→ **Exercise prompt**
In the entries that follow, the line with "ACT Academy of" opens the range and the line with "Freemason items furniture art" closes it; repeat that range exactly, both lines included.
■ ■ ■
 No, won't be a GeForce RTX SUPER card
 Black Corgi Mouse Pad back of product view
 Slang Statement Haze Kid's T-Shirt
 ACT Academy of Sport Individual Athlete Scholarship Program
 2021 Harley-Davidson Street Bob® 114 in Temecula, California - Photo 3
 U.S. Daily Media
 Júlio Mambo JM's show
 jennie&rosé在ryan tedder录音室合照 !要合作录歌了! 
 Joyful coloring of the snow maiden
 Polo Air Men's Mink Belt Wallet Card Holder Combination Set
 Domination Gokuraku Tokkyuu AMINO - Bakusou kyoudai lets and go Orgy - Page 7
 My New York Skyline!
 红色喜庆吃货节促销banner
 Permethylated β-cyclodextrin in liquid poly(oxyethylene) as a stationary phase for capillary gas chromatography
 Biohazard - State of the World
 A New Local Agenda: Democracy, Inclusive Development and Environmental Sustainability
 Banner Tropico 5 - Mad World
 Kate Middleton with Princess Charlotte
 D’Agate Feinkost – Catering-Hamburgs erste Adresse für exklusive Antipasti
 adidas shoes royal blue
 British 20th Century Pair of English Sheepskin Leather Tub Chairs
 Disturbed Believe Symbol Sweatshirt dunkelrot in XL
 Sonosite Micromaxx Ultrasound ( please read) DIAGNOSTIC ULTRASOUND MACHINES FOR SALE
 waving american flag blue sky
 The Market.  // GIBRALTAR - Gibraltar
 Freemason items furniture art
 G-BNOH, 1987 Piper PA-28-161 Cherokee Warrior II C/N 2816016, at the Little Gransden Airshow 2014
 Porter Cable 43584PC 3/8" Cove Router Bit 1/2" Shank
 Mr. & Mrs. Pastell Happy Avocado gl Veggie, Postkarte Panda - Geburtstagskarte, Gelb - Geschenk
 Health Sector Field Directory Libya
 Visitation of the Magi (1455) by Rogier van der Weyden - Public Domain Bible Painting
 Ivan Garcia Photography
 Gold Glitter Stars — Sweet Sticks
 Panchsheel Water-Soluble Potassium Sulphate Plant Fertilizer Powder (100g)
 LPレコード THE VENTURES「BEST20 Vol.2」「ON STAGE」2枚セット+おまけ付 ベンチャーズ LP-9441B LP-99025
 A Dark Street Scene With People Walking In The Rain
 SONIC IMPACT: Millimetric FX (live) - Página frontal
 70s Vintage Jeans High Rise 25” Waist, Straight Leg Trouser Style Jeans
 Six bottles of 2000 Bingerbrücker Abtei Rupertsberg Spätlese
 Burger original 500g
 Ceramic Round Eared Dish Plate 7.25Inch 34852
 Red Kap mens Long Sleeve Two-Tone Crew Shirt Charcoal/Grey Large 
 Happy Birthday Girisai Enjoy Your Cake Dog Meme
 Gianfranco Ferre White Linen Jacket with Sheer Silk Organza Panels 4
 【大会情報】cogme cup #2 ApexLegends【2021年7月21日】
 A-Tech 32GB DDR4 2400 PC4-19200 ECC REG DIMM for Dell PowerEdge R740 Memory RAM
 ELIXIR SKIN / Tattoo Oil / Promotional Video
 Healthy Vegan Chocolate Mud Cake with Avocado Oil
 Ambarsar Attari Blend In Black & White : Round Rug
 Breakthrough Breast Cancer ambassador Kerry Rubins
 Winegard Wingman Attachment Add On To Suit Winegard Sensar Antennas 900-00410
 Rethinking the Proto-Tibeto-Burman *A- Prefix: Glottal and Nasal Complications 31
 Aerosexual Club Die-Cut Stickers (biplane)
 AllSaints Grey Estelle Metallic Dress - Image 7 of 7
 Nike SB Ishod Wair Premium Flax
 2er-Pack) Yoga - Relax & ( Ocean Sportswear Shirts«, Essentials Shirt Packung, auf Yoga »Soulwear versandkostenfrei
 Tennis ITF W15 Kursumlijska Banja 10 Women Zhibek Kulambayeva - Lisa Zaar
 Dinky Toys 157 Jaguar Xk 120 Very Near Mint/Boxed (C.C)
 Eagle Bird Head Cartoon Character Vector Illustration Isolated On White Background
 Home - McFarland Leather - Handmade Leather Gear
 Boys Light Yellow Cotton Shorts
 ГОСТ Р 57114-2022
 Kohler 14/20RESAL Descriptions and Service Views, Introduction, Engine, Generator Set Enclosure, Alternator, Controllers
■ ■ ■
→ **Result of the exercise**
 ACT Academy of Sport Individual Athlete Scholarship Program
 2021 Harley-Davidson Street Bob® 114 in Temecula, California - Photo 3
 U.S. Daily Media
 Júlio Mambo JM's show
 jennie&rosé在ryan tedder录音室合照 !要合作录歌了! 
 Joyful coloring of the snow maiden
 Polo Air Men's Mink Belt Wallet Card Holder Combination Set
 Domination Gokuraku Tokkyuu AMINO - Bakusou kyoudai lets and go Orgy - Page 7
 My New York Skyline!
 红色喜庆吃货节促销banner
 Permethylated β-cyclodextrin in liquid poly(oxyethylene) as a stationary phase for capillary gas chromatography
 Biohazard - State of the World
 A New Local Agenda: Democracy, Inclusive Development and Environmental Sustainability
 Banner Tropico 5 - Mad World
 Kate Middleton with Princess Charlotte
 D’Agate Feinkost – Catering-Hamburgs erste Adresse für exklusive Antipasti
 adidas shoes royal blue
 British 20th Century Pair of English Sheepskin Leather Tub Chairs
 Disturbed Believe Symbol Sweatshirt dunkelrot in XL
 Sonosite Micromaxx Ultrasound ( please read) DIAGNOSTIC ULTRASOUND MACHINES FOR SALE
 waving american flag blue sky
 The Market.  // GIBRALTAR - Gibraltar
 Freemason items furniture art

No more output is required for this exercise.